Overview
Introduction to Datasets.
Datasets are available in Evidently Cloud and Evidently Enterprise.
What is a Dataset?
Datasets are collections of data from your application used for analysis and automated checks. You can bring in existing datasets, capture live data, or create synthetic datasets.
How to create a Dataset?
You can add Datasets to the platform in multiple ways:
-
Upload directly. Use the UI to upload CSV files or push datasets via the Python API.
-
Upload with Reports. Attach datasets to Reports when running local evaluations. This is optional — you can also upload only summary metrics.
-
Generate synthetic data. Use built-in platform features to generate synthetic evaluation datasets.
-
Create from Traces. During tracing, Evidently automatically generates tabular datasets that can be used for evaluations.
Where do I find the data? To view all datasets (uploaded, synthetic, or evaluation results), go to the “Dataset” page in your Project menu. For raw tracing datasets, check the Tracing section.
Synthetic Data
You can synthesize evaluation datasets directly in Evidently Platform:
-
Generate from examples or description. Describe specific test scenarios and generate matching datasets.
-
Generate from source documents. Generate Q&A pairs from source documents like PDF, CSV or markdown files (great for RAG evaluations).

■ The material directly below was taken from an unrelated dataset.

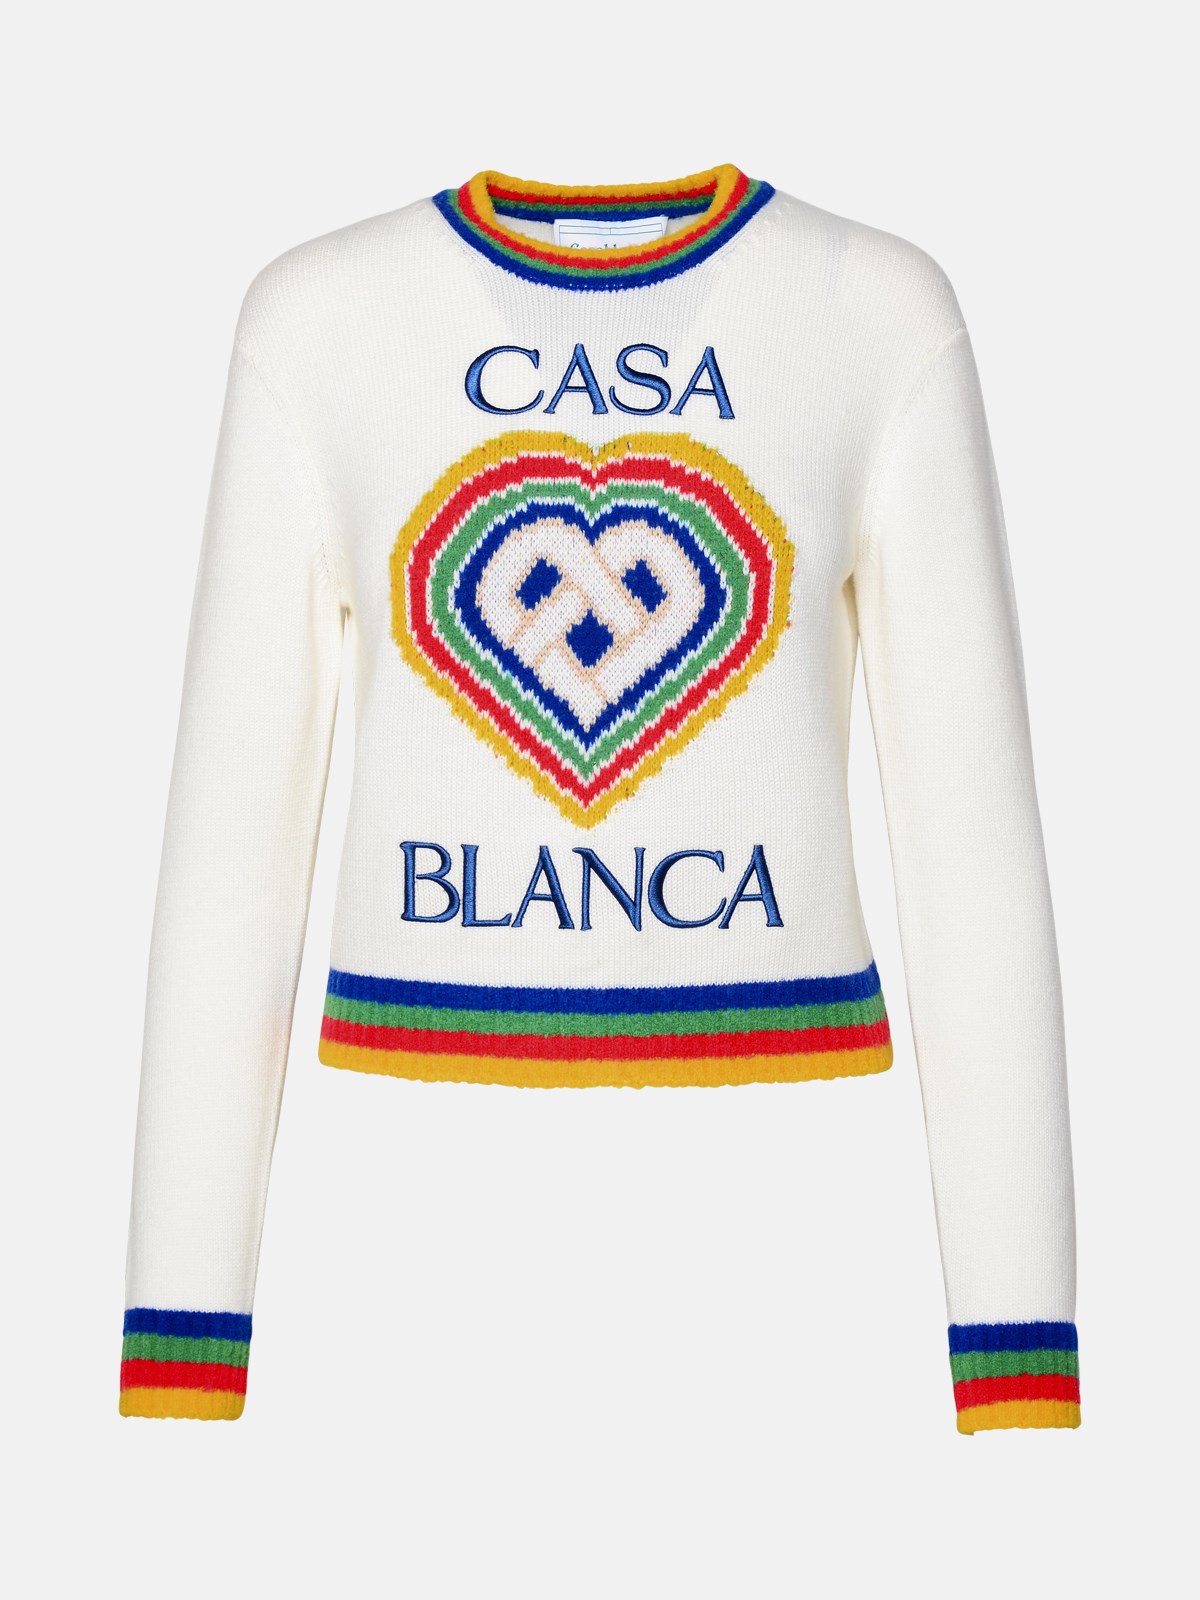 Casablanca Kids' White Virgin Wool Blend Sweater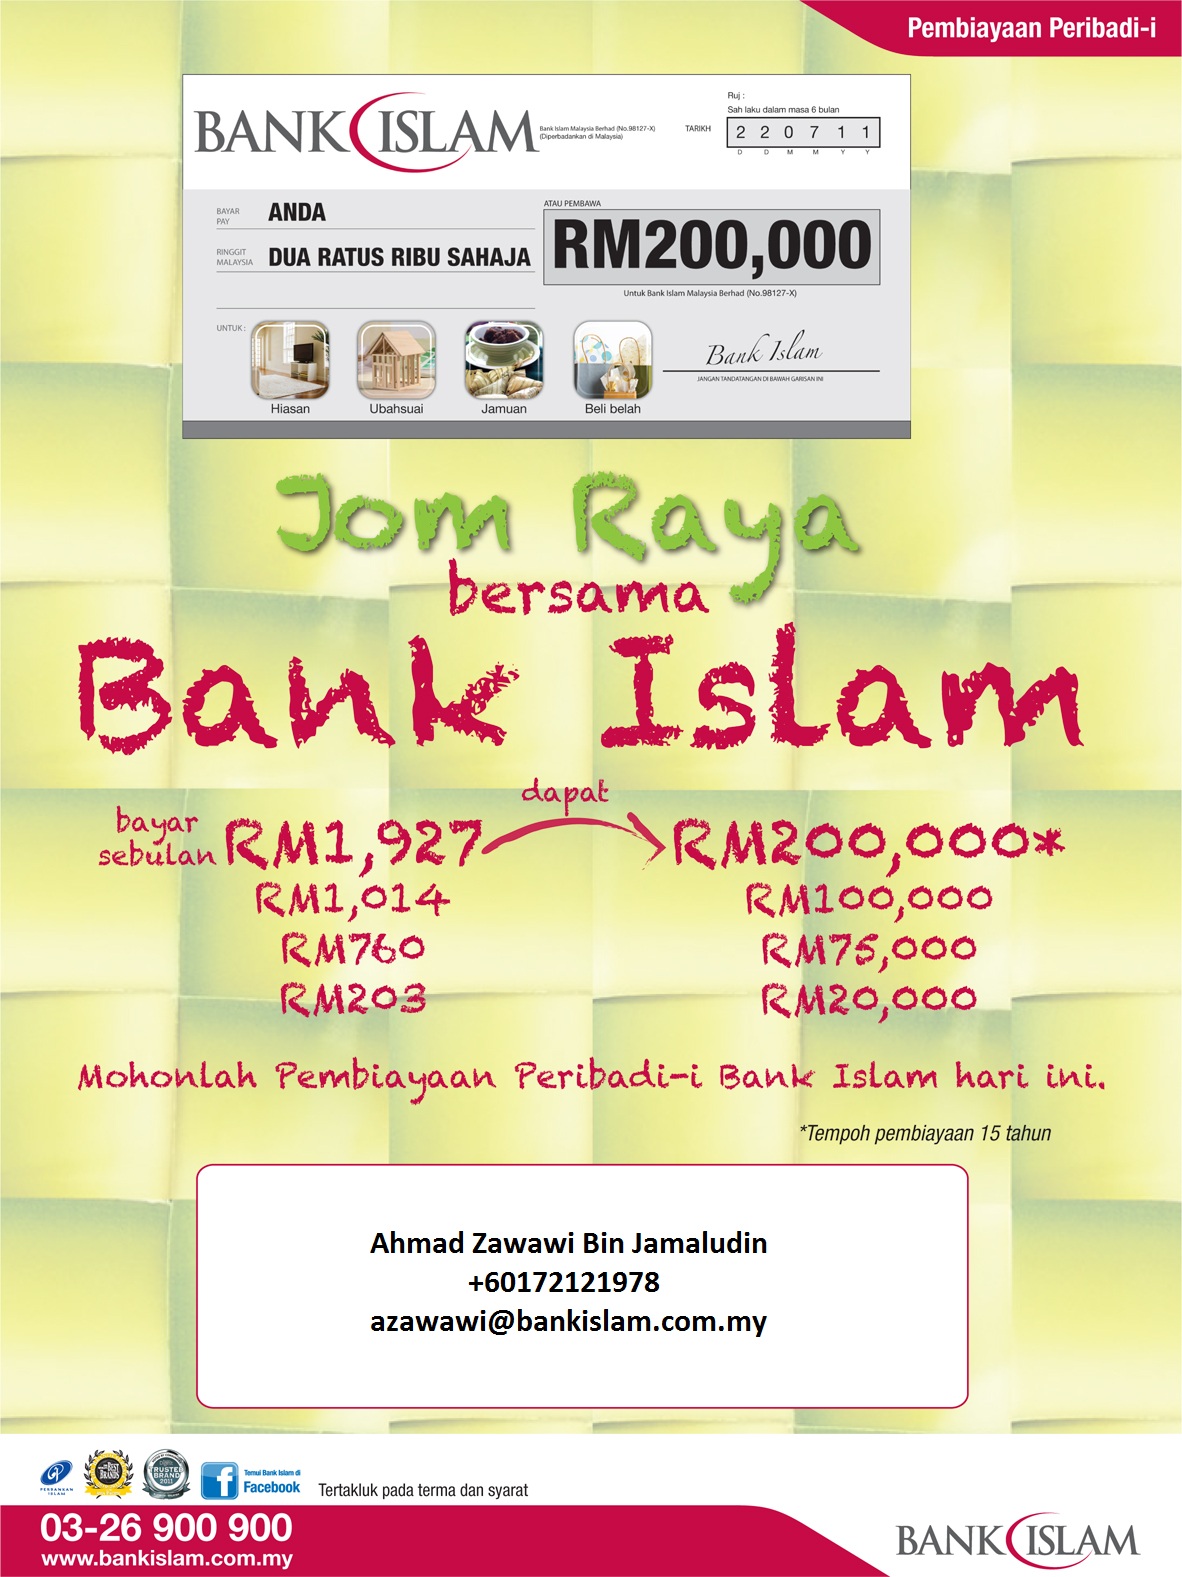 Calculator personal loan bank islam PIBB

After creating or uploading datasets, you can edit or diversify them further using the “more like this” feature.
When do you need Datasets?
Here are common use cases for datasets in Evidently:
-
Organize evaluation datasets. Save curated datasets with expected inputs and optional ground truth outputs. You can bring in domain experts to collaborate on these datasets in UI, and access them programmatically for CI/CD checks.
-
Debug evaluation results. After you run an evaluation, view the dataset to identify and debug specific failures. E.g. you can sort all text outputs by added scores.
-
Store ML inference logs or LLM traces. Collect raw data from production or experimental runs, use it as a source of truth, and run evaluations over it.